Search code examples
rindexingdata.tablesubset

Why selecting columns with an element of a character vector requires get() in data.table?


Context

I store variable names of interest in a character vector. Usually, I store those vectors in a nested list (e.g. variables$predictors$model1), as to reduce clutter and better organize them. For this reason, I usually work with sublists and indexing of lists. However, I am having a hard time translating this workflow into data.table.

Problem

Consider the simple task of subsetting the data.table to a subset of columns whose names are in a character vector. As you can see, the commonly suggested manners to subset do not give the intended output. What is more annoying, the desired output requires using get() (together with a list) which has occasionally undesired behavior.

Is this really the most efficient way available within data.table for this simple action?

Why do options 1 to 4 return just the string?

library(data.table)

# Create data.table with three variables
dt                       <- data.table(a = c(1:3, NA), b = 1:4, c = c(NA, 1:3))

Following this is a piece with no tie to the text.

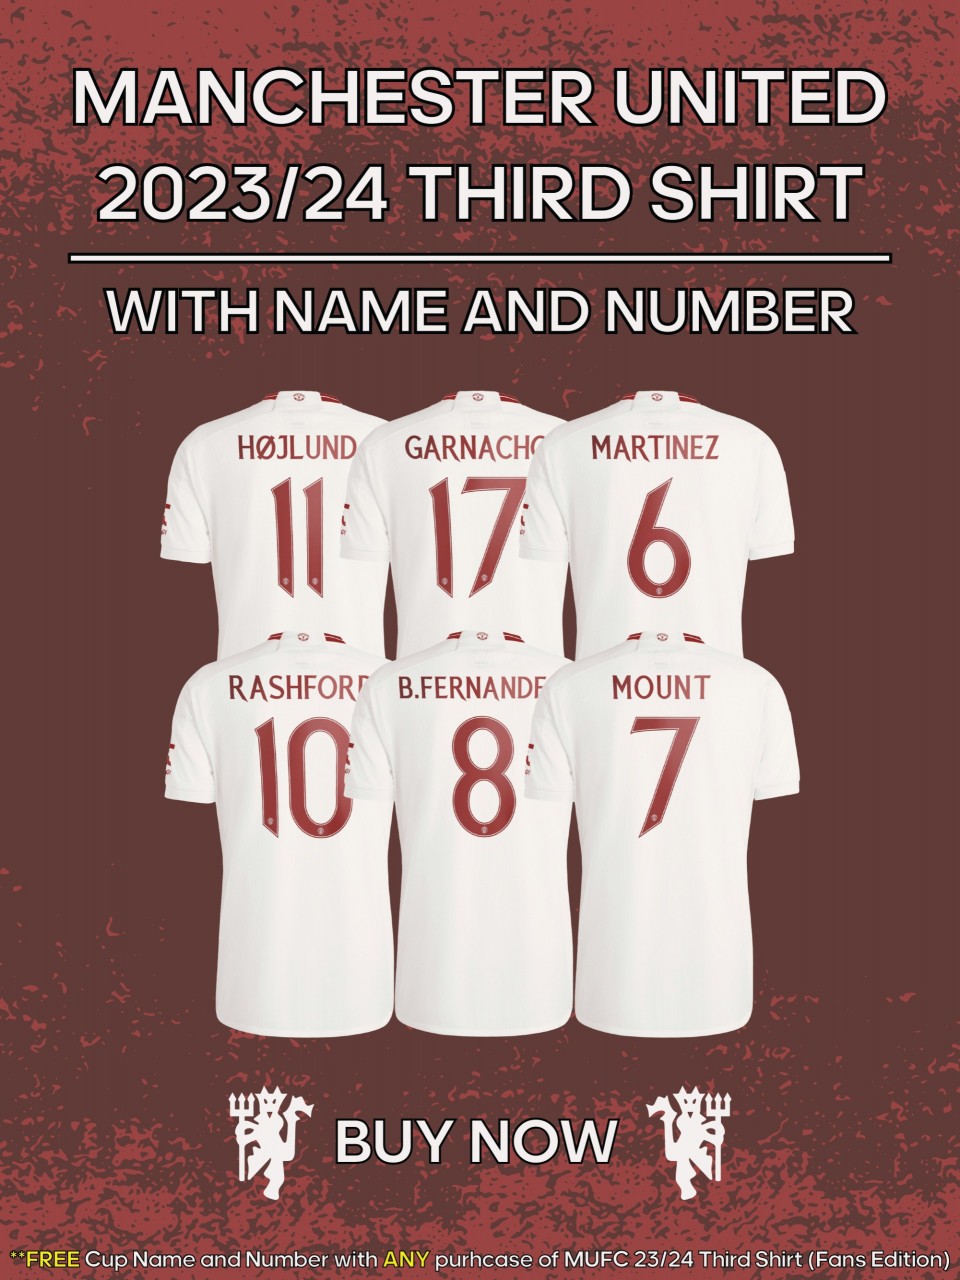 Torino FC 23-24 Away Kit Released - Footy Headlines

# Define column names of interest
column_names_of_interest <- c("b", "c")

# Subset by one of the column names
# Attempted approaches

# 1
dt[, column_names_of_interest[1]]
#[1] "b"

# 2
dt[, column_names_of_interest[[1]]]
# [1] "b"

# 3
dt[, ..column_names_of_interest[1]]
# [1] "b"

# 4
dt[, ..column_names_of_interest[[1]]]
# [1] "b"

# 5
dt[, get(column_names_of_interest[1])]
# [1] 1 2 3 4

# 6
dt[, .(get(column_names_of_interest[1]))]
#     V1
# 1:  1
# 2:  2
# 3:  3
# 4:  4

Solution

  • dt <- data.table(a = c(1:3, NA), b = 1:4, c = c(NA, 1:3))
    
    column_names_of_interest <- c("b", "c")
    
    dt[, .SD, .SDcols = column_names_of_interest]
    
    #    b  c
    # 1: 1 NA
    # 2: 2  1
    # 3: 3  2
    # 4: 4  3